Wednesday Serial: Farther Part XXIII

Seryn fire_hand


Seryn counted her horse’s leaping strides, each one of them echoing up through her spine as it bounded forward: one, two, three… Aled’s horse was pounding the ground along side hers, hooves thrumming against the ground between each pounding strike of her own horse. Three strides, and she pulled her horse around, tapped the reins and spun him on a pinpoint until he came to an even stop. She threw one leg over his neck, slid out of the saddle and stopped hands raised, reins looped in her fingers, her horse’s body tucked against her back.

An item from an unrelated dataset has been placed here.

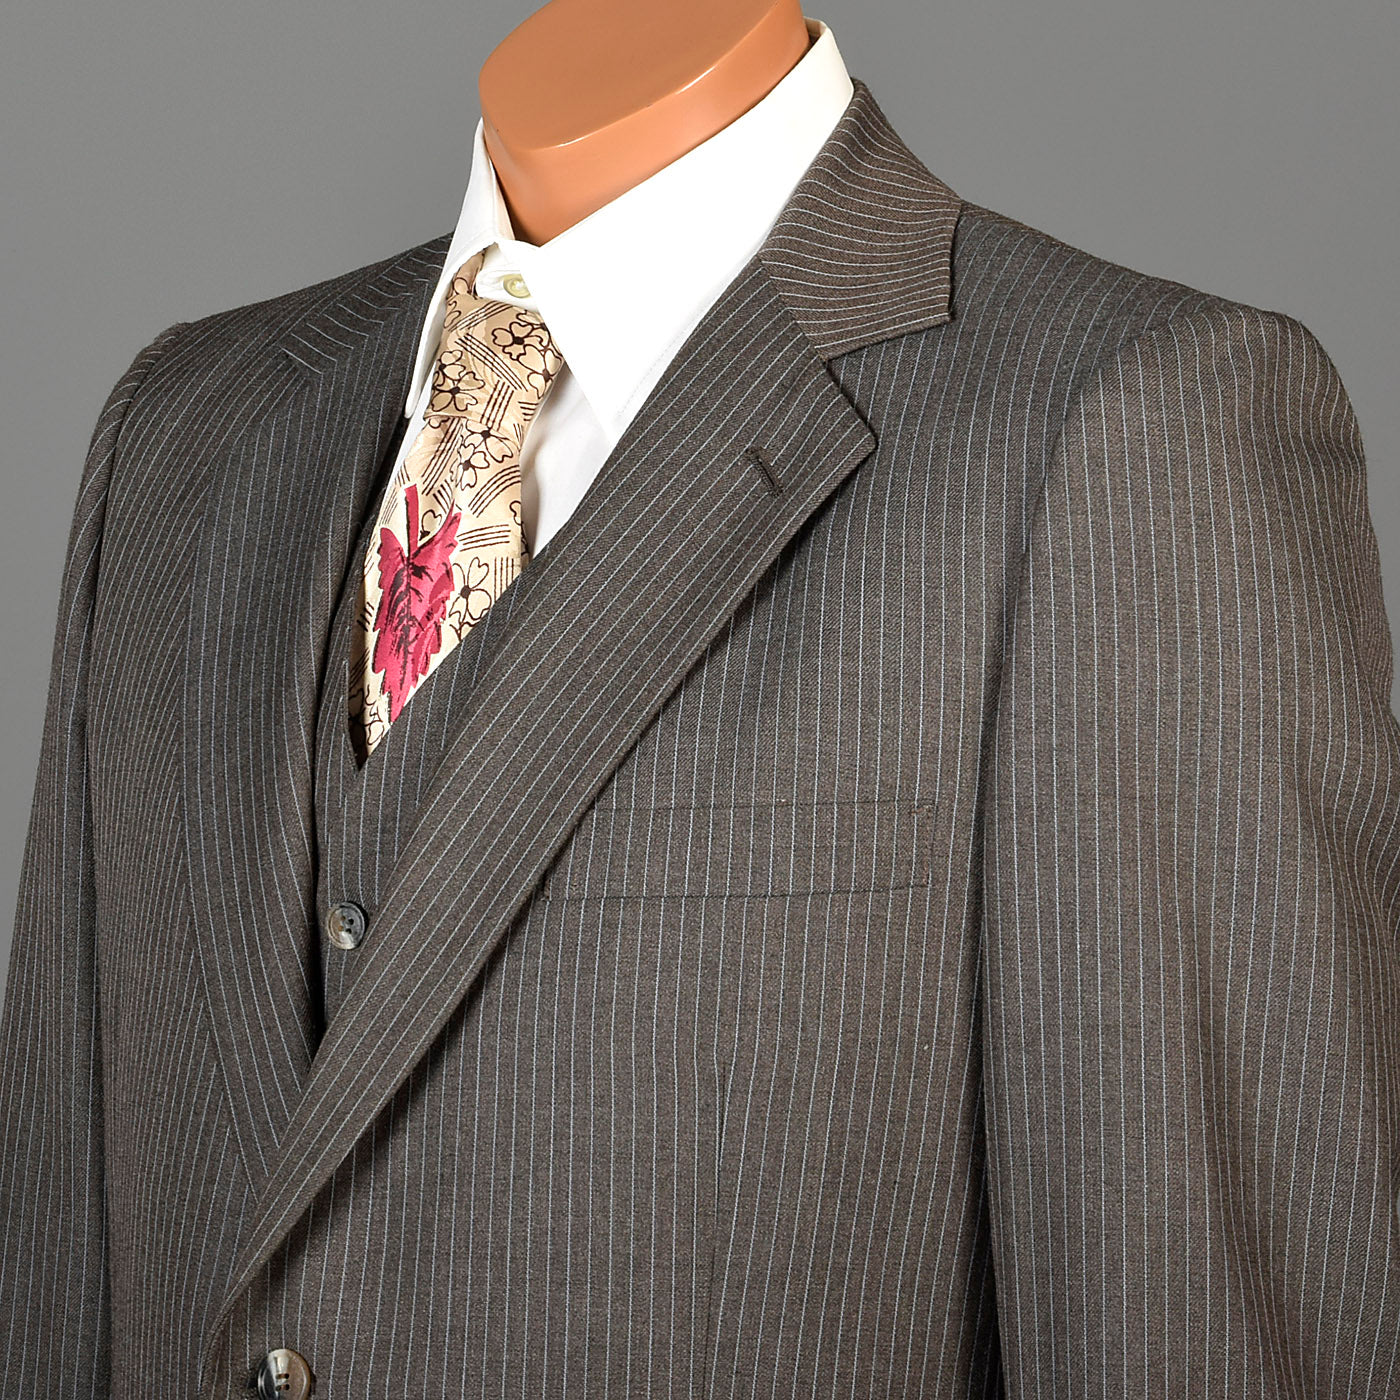 1970s Mens Three Piece Suit in Brown Pinstripe

Aled was behind her. The city was in front of her, with the guards teetering on an uneven line where they’d started to give up on any sort of chase. All of them were staring at her. It didn’t much matter. Aled was behind her where he belonged. The guards were far enough away to give her space to breathe. The moment was hers again.

She took a careful breath, meeting the guard’s eyes one at a time, calmly and quickly convincing them she wasn’t likely to move any time soon.

“I’d like to see your commander,” she said evenly. She raised her hands a fraction higher as the lead guard came toward her. His face was bent in sharp angles, watching her like she might explode at any moment. Her motion pulled her cuffs down just a little farther, showed a scant inch more of the scars that looped lazily on her skin. “I promise not to move until you bring him here.”

He glanced at her hands, her scars, then back at her face. She was calm enough, her scars were dark enough, her statement held the narrow gap between surrender and threat.

He watched her for another breath. Then he nodded over his shoulder. One of the other men ducked his head in a salute, and took off running. His feet hit dirt for half a dozen strides, than scuffed against stone as he started up the inside of the wall. Seryn stayed exactly as she was.

Aled shifted behind her. The guards resettled their hands on the hilts of their weapons. Most of them let the points drop almost to the ground.

It was barely five minutes before they heard the guard running back. A second set of boot steps kept pace beside him. When he came back into view, a tall man arrived just ahead of him, his stride lengthening to bring him to the front. His shoulders were square in the way Seryn expected from a man who had spent most of his life earning a living off his strength. His hands were callused, his sharp stride just loose enough that she could see every move was made in habit, not thought. His chainmail gleamed brighter than the others’, but the leather hilt of his sword was creased to fit his grip, darkened where his fingers had polished it to a shine.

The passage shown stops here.